Crise financière : l'onde de choc


Les mauvaises nouvelles économiques se succèdent les unes après les autres et les sautes d'humeurs des marchés financiers (hier 24-11-2008 la bourse de Paris a enregistré une hause historique de 10%) n'y changeront rien. Le chômage augmente; l'immobilier subit de plein fouet le dégonflement brutal de la bulle immobilière et la crise du crédit, qui a atteint son paroxysme au début du mois de novembre 2008. Les mises en chantier diminuent considérablement, les prix baissent; tous les secteurs de l'économie, le secteur de l'industrie automobile ou du celui du tourisme par exemple, sont touchés.

L'onde de choc de la crise financière, suivie d'une congestion complète du crédit est en train de se repandre dans l'économie réelle.
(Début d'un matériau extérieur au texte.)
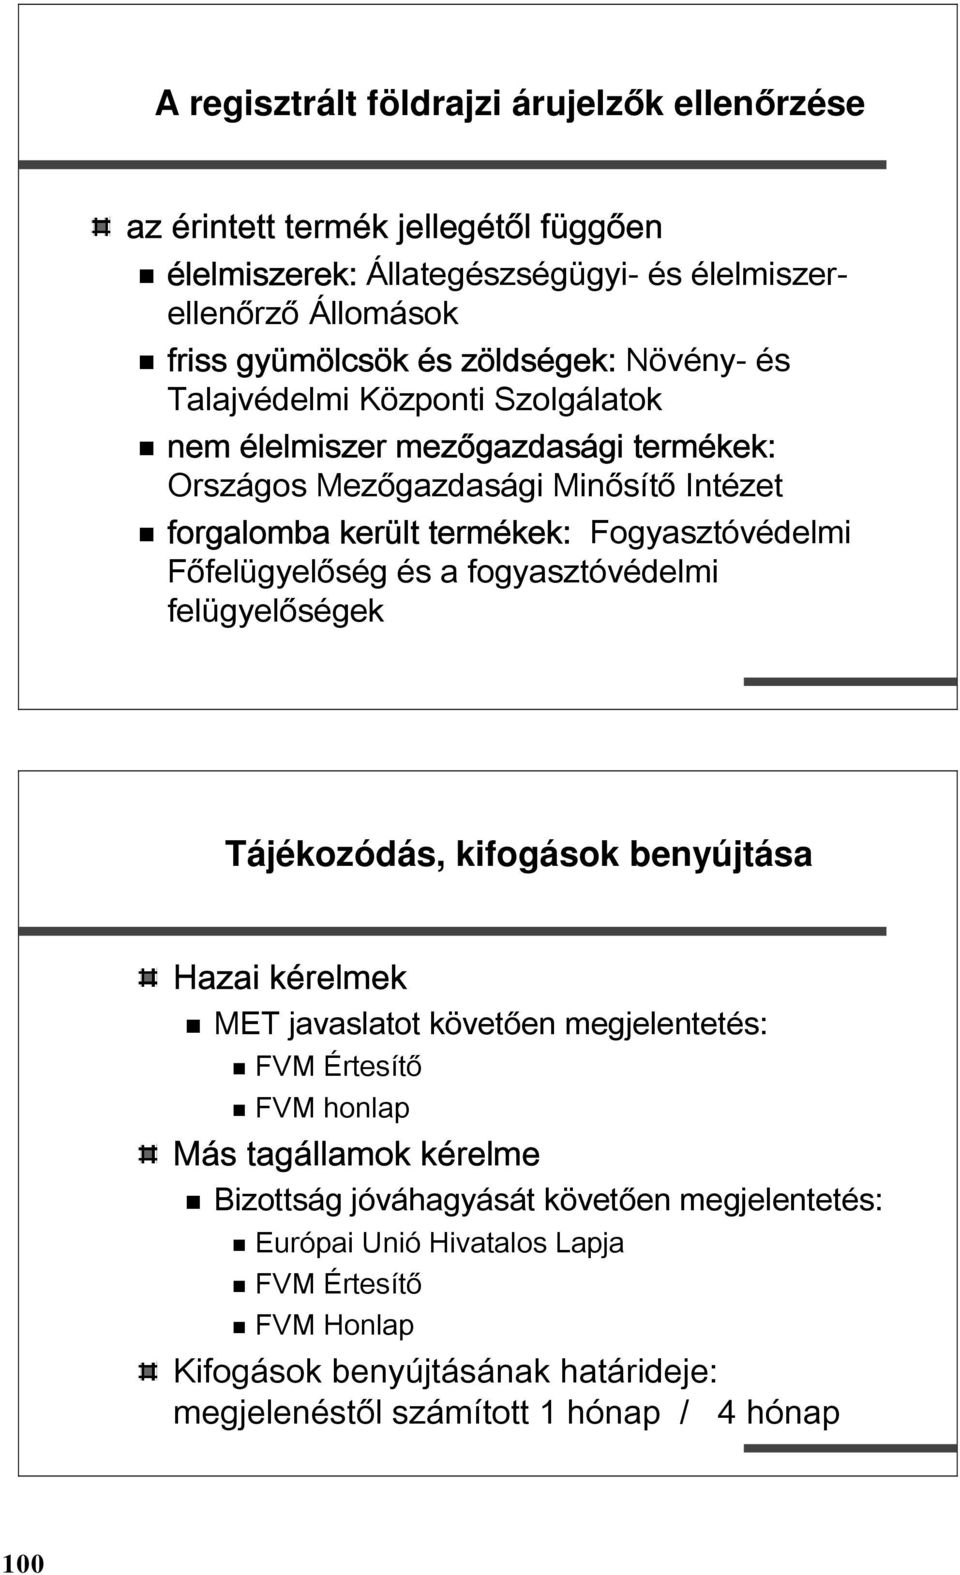 Főfelügyelőség és a fogyasztóvédelmi felügyelőségek Tájékozódás, kifogások benyújtása Hazai kérelmek MET javaslatot követően megjelentetés: FVM Értesítő FVM honlap Más tagállamok

Ce n'est qu'un début. On peut s'attendre à une aggravation de la situation au moins dans les trois mois à venir. La brutalité de l'impact est impressionnante.


Les politiques de baisse des taux d'intérêt et de relance des économies sont les seules possibilités


Les gouvernements ont entrepris (Etats-Unis) ou vont entreprendre d'ici peu (France) des politiques de relance de l'économie (soutien de la consommation et des entreprises). A ces mesures se joignent des baisses quasiment généralisées, à l'échelle mondiale, des taux d'intérêt qui ont suivi le sauvetage du système fiancier mondial d'une complète faillite (Plan Paulson aux Etats-Unis et Plan de l'Eurogroupe pour la zone Euro).

Les gouvernements ont deux alternatives : le laisser faire à la manière de 1929 ou l'action, c'est-à-dire une politique Keynésienne. Il semble que les gouvernements ont choisi l'action. C'est en Angleterre, partrie de Keynes, qui est particulièrement affectée par la crise financière, que se trouve aujourd'hui le gouvernement le plus audacieux et le plus imaginatif. C'est le gouvernement de Gordon Brown.